What you are asked to do:
Every entry in the following listing must be restated word for word, though not its pictures.

--- --- ---

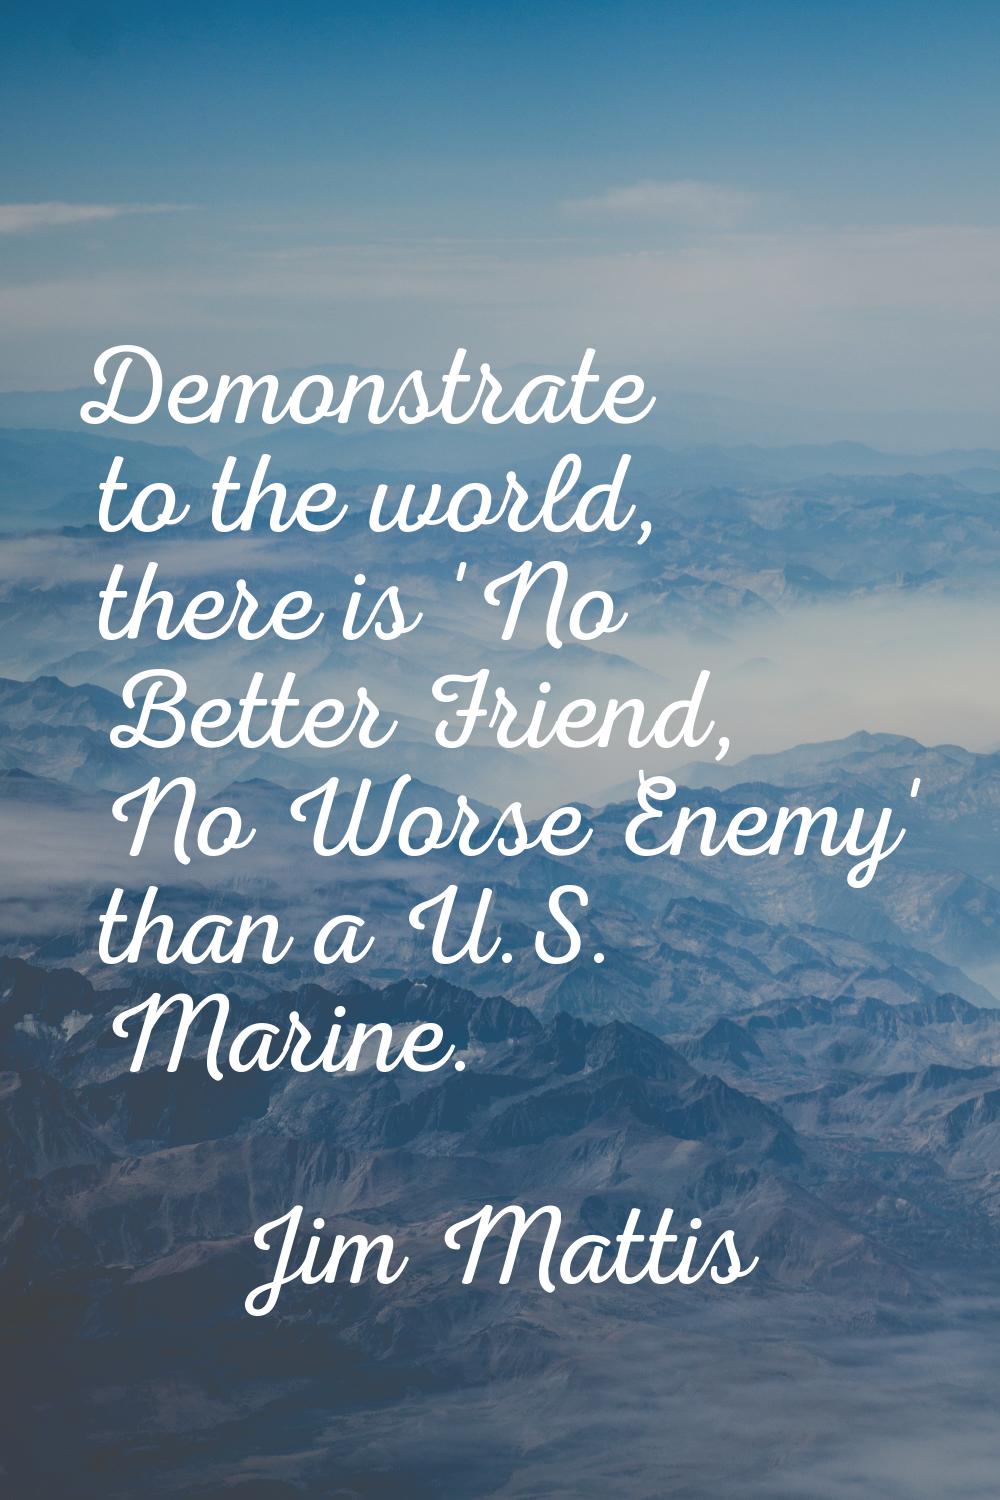 Demonstrate to the world, there is 'No Better Friend, No Worse Enemy' than a U.S. Marine.
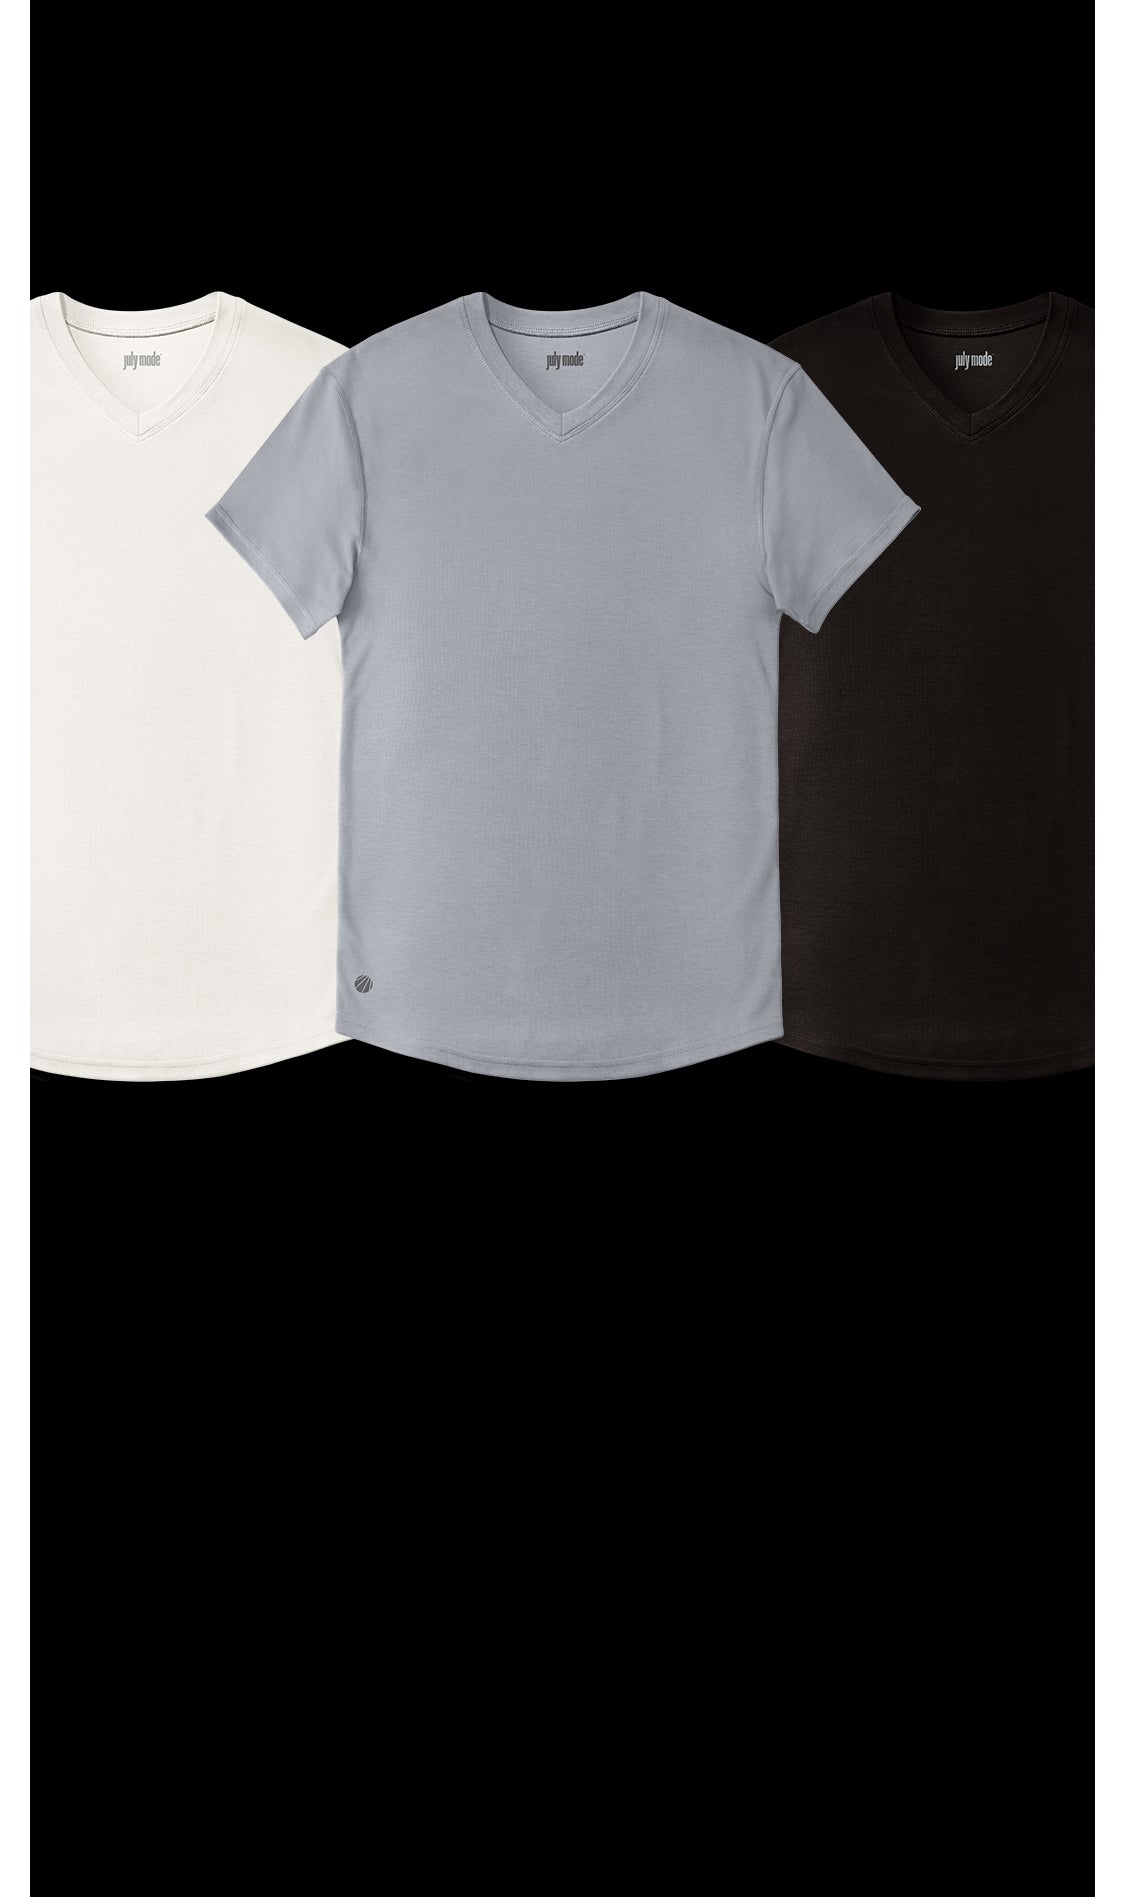 July Mode: Premium Stylish Tees for the Modern Man.
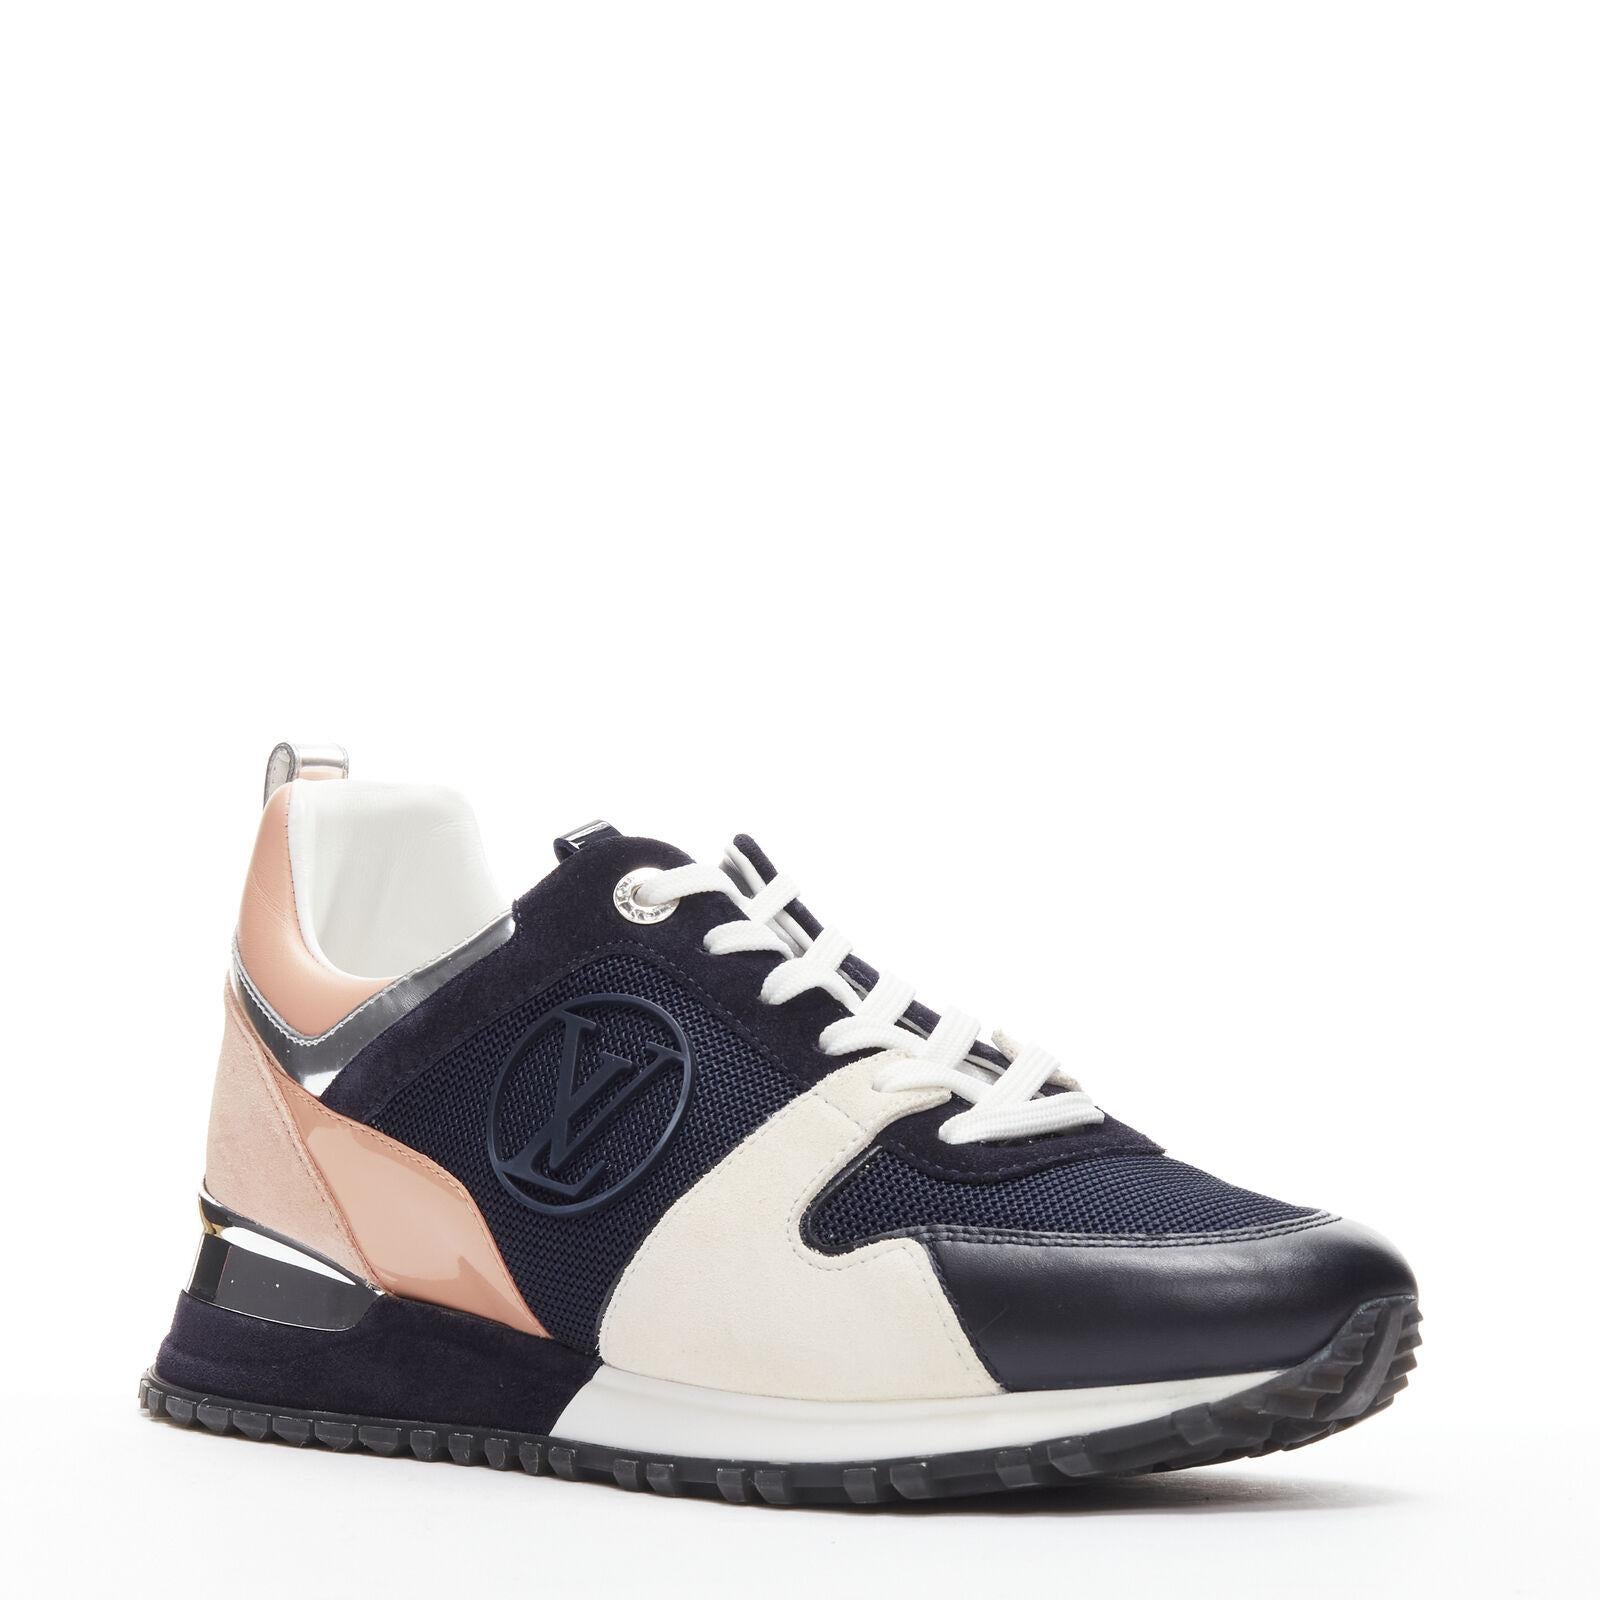 LOUIS VUITTON Run Away pink navy silver LV logo low top sneakers EU38 US8
Reference: AAWC/A00138
Brand: Louis Vuitton
Designer: Nicolas Ghesquiere
Model: Run Away
Material: Suede, Fabric
Color: Navy, Pink
Pattern: Solid
Closure: Lace Up
Lining:
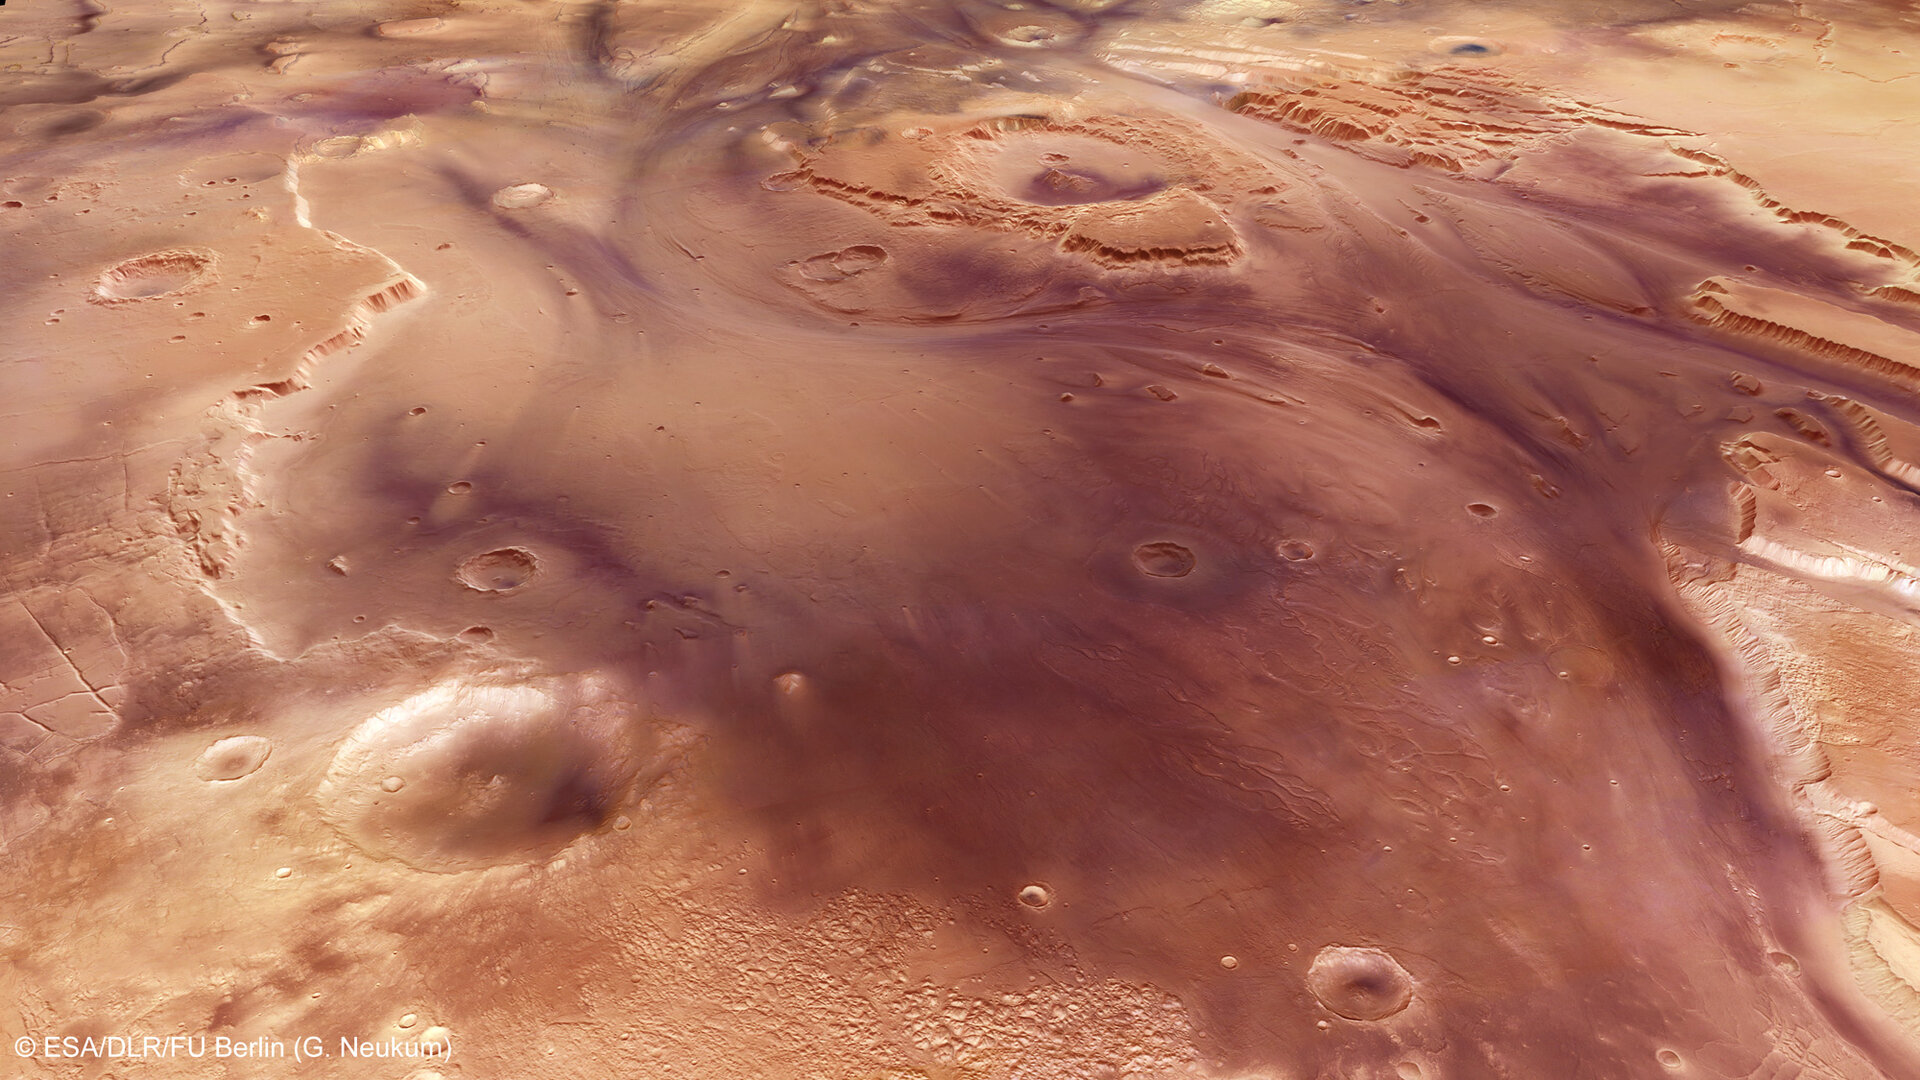 Perspective view of Kasei Valles

--- --- ---

Exercise output:
 Demonstrate to the world, there is 'No Better Friend, No Worse Enemy' than a U.S. Marine.
 July Mode: Premium Stylish Tees for the Modern Man.
 LOUIS VUITTON Run Away pink navy silver LV logo low top sneakers EU38 US8
Reference: AAWC/A00138
Brand: Louis Vuitton
Designer: Nicolas Ghesquiere
Model: Run Away
Material: Suede, Fabric
Color: Navy, Pink
Pattern: Solid
Closure: Lace Up
Lining:
 Perspective view of Kasei Valles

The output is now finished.